King and DeCicco (2009) found that the SISRI-24 more closely related to intrinsic than extrinsic religiosity, and that the SISRI-24 Personal Meaning Making subscale was associated with greater personal meaning, while the SISRI-24 Conscious State Expansion subscale was correlated with mystical experiences. Similar to Amram (2009)’s findings, King et al. (2012) found a moderate correlation of RS=.4 between SI and EI when using the SISRI-24.
The SISRI-24 is arguably the most used of the SI inventories, perhaps for the convenience of its short length, and it has been translated into other languages and used cross-culturally. Studies by other researchers applying the SISRI-24 found it to be valid, reliable, and associated with, among other positive outcomes:
However, recently Atroszko et al. (2021) attempted to determine whether a “general factor of spiritual intelligence” could be identified as a psychological construct by administering the SISRI to a large (N = 833) sample of Polish adults. Their assumptions were that the SISRI-24 model has a hierarchical structuring, with 4 first-order factors (critical existential thinking, personal meaning production, transcendental awareness, and conscious state expansion, the original four factors of King and DeCicco’s (2009) model loading onto a single second-order factor, “general SI” pp. 3598–99). Their results showed no support for a single factor of SI, and that previous studies (Antunes et al. 2018; Chan and Siu 2016)—including the original one by King and DeCicco (2009)—were “highly problematic” (Atroszko et al. 2021, p. 3591) in not showing strong support for the four-factor model underlying the SISRI-24. Specifically, Atroszko and colleagues found that development of the original scale (King 2008) did not follow the assumptions for King’s four-factor model, and that initial analysis produced six factors. King then removed one factor composed of all reverse-coded items, despite methodological reasons for retaining such items, and provided a nonsensical reason for doing so (Atroszko et al. 2021, p. 3595). In addition, a number of items measured more than one factor and were later removed, though King (2008) claimed that the four-factor structure was “very well-supported” in the original 84-item pool (p. 129). Atroszko et al. (2021) further criticized the process of creating the original item pool and its shaping, showing that “the measurement is not fully derived from the theory but is molded ad hoc based on data” and that the theory never showed that the four-factor model measures a single higher-order factor of SI (p. 3595). They asserted that subsequent adaptations of the SISRI reflect these developmental problems, and that their testing of King’s hypothesis gave an inadmissible solution, leading Atorszko, et al. to conclude that “to date, no data support a single factor of SI measured by SISRI-24…and that measurement with this scale is highly problematic” (p. 3601).

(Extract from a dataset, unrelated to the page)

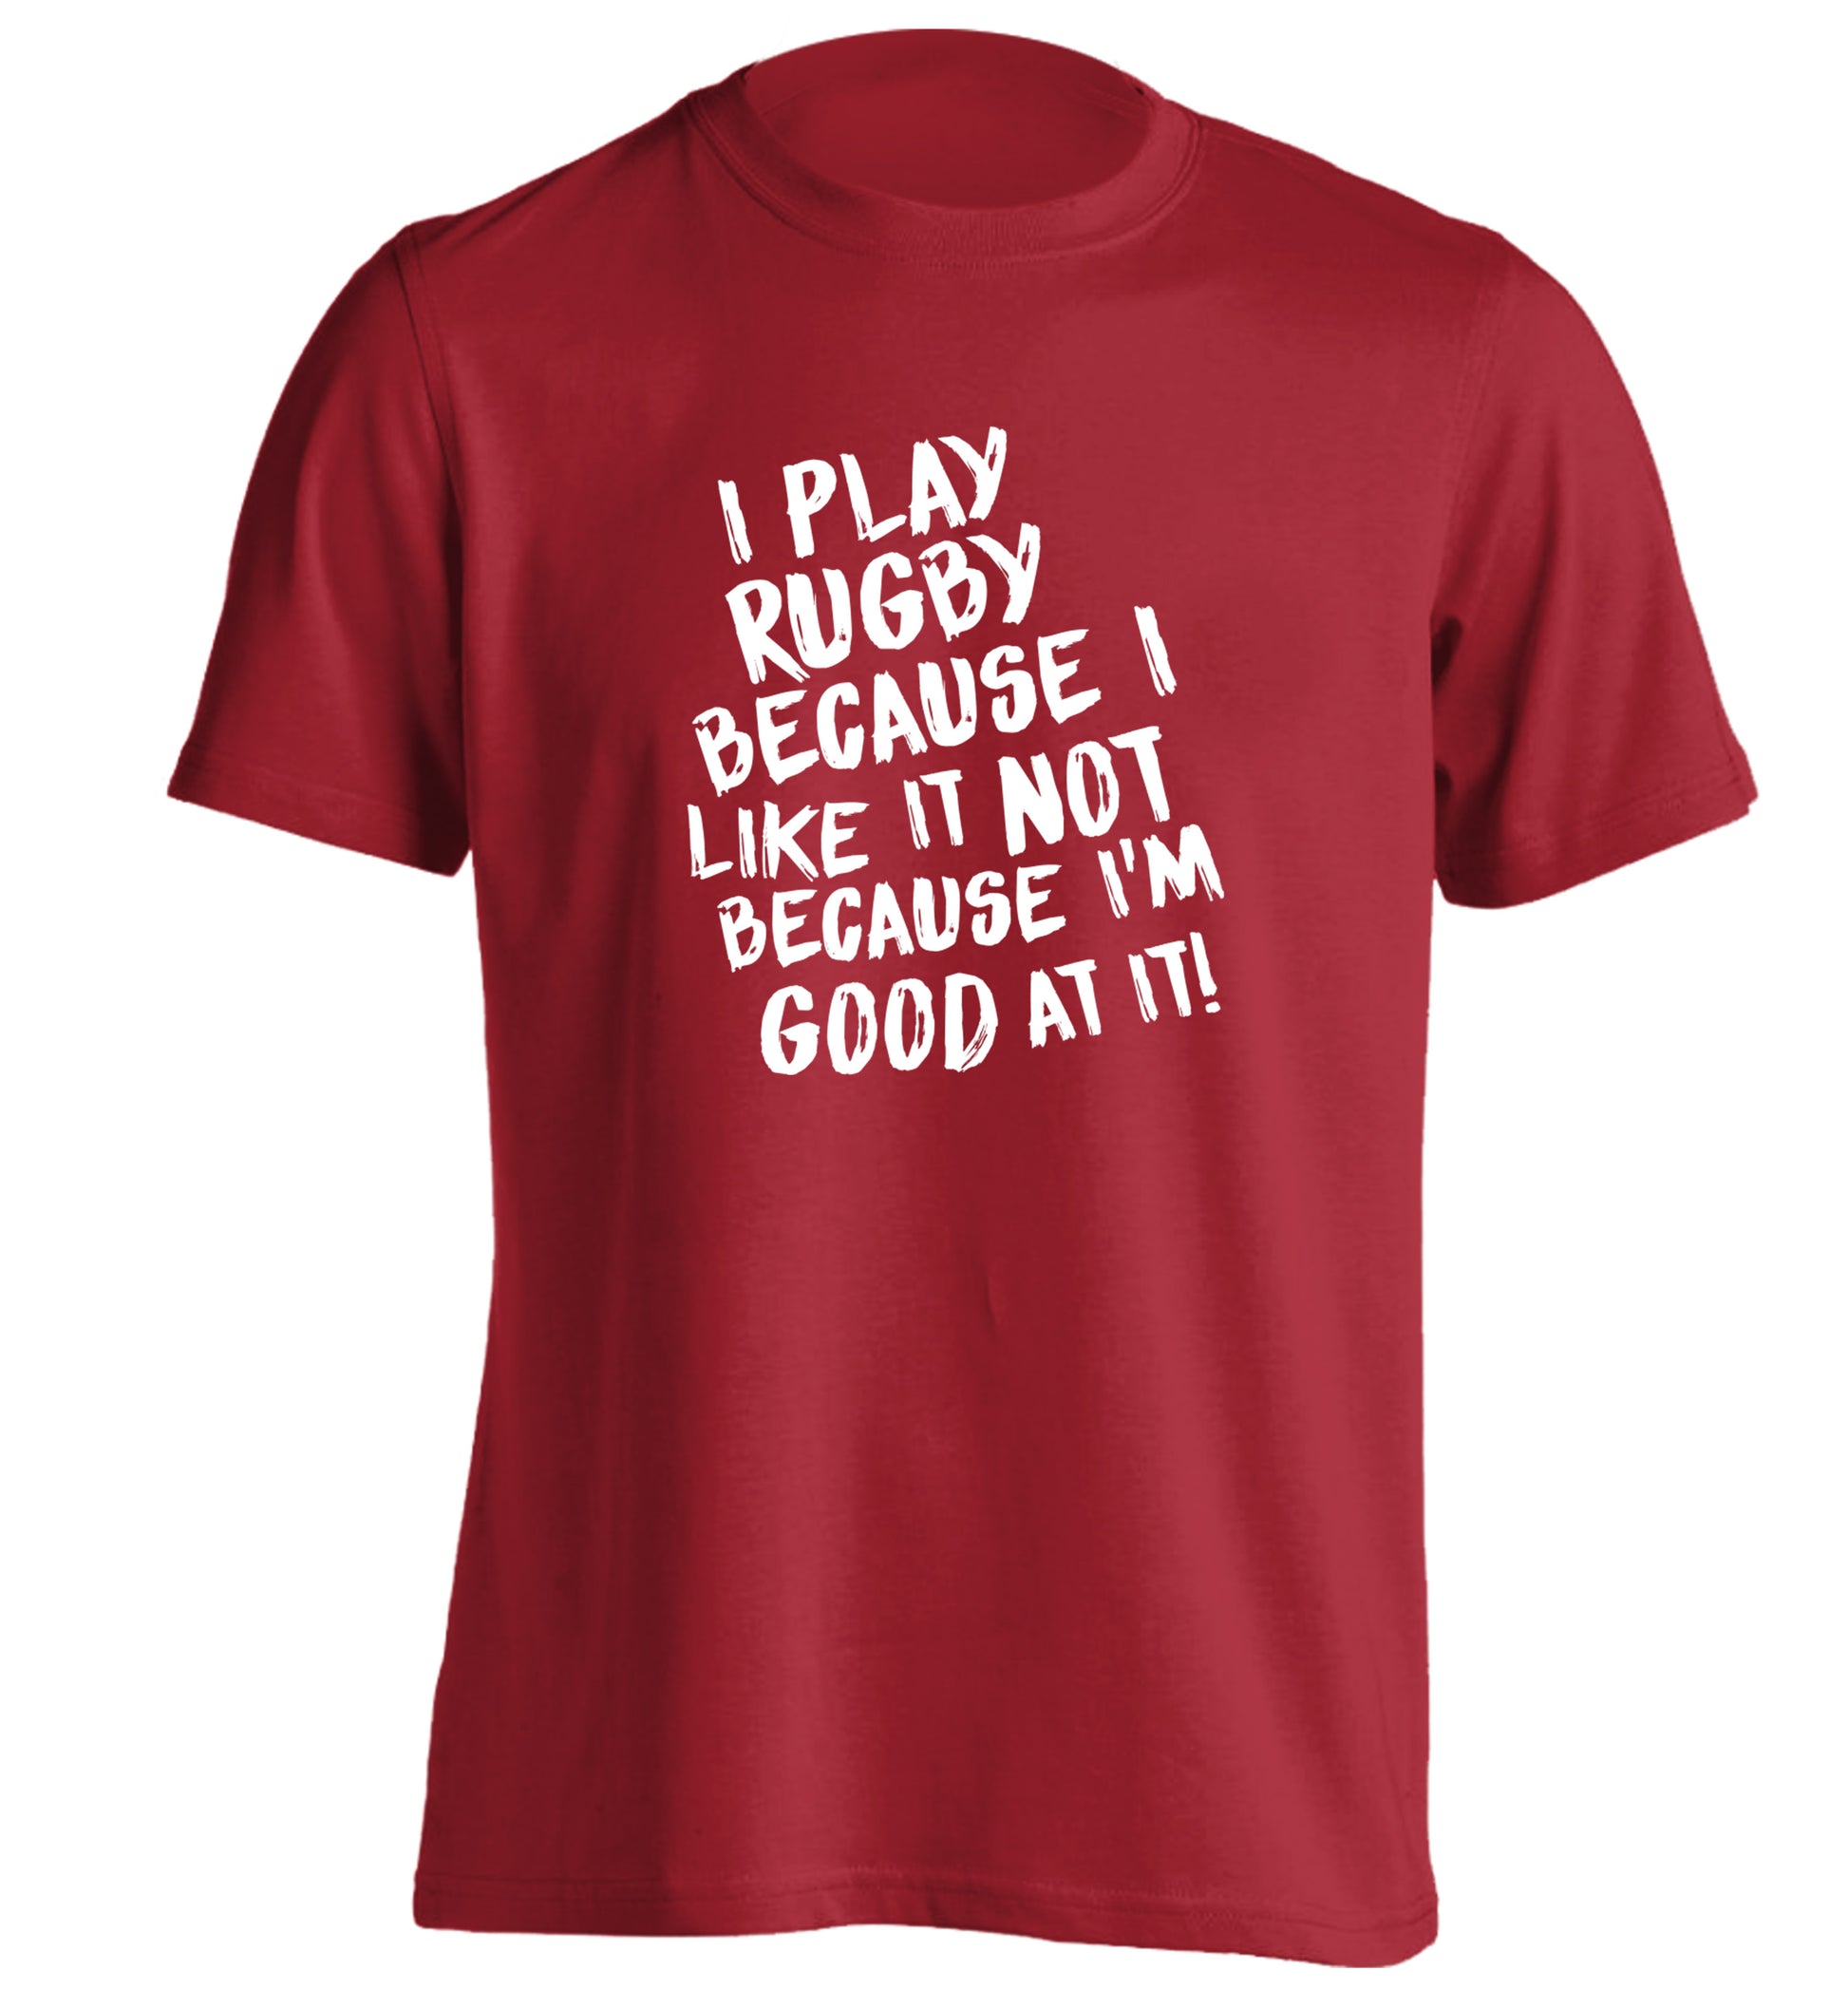 I play rugby because I like it not because I'm good at it adults unisex red Tshirt 2XL

Whether a single, universal factor exists may or may not be valid or useful in considering SI as an “intelligence,” these problems with the SISRI-24 model are worth further investigation, especially relative to the ISIS (Amram and Dryer 2008), which was developed in a very different way, as well as some other instruments that have been used in other cultural contexts.

2.3. Other Measurements of Spiritual Intelligence

The felt need for a spiritual intelligence construct is demonstrated by the many attempts to create one specific to various cultures or arising from particular cultural contexts in relation to the two above, per the call for SI among American Indigenous peoples (Doetzel 2018). This section presents some of those published in academic journals.
A 29-item Spiritual Intelligence Questionnaire was developed and normed against university student populations in Iran (Abdollahzadeh et al. 2009). Test reliability initially was 0.87 Cronbach’s alpha, but the revised version garnered a score of 0.89. Factor analysis produced two major factors, “understanding and communicating with the source of the universe” and “spiritual life or reliance on the inner core” (n.p.). Both factors were correlated with Amram and Dryer’s (2008) ISIS and demonstrated convergent validity. Using this instrument, Mohammadyari (2012) found that Iranian children of parents with greater levels of spiritual intelligence had higher levels of mental health, and Bolghan-Abadi et al. (2014) found this measure of SI to predict quality of life among university students in Iran.
Significant research on SI has been conducted in Muslim contexts and perhaps using scales developed especially for those cultures. For example, some studies have spiritual intelligence scales developed in Muslim cultures about whose development little published information is available (e.g., Bagheri et al. 2011; Faribors et al. 2010; Karimi-Moonaghi et al. 2015), but which have been reported to show correlations with positive, successful outcomes in problem-solving professional contexts. Recently, an Islamic Spiritual Intelligence Measure (ISIM) was recently derived from factor analysis using a sample of Muslim postgraduate students in Malaysia (Jumahat et al. 2015) with eight factors: God consciousness, trust in God, repentance, patience, truthfulness, fairness, integrity, and continuous learning. And Hanefar et al. (2016) synthesized an SI model from Islamic and Western perspectives, notably those of Al-Ghazali and Langgulung, consisting of seven themes: meaning/purpose in life, consciousness, transcendence, spiritual resources, self-determination, reflection-soul purification, and spiritual coping with obstacles.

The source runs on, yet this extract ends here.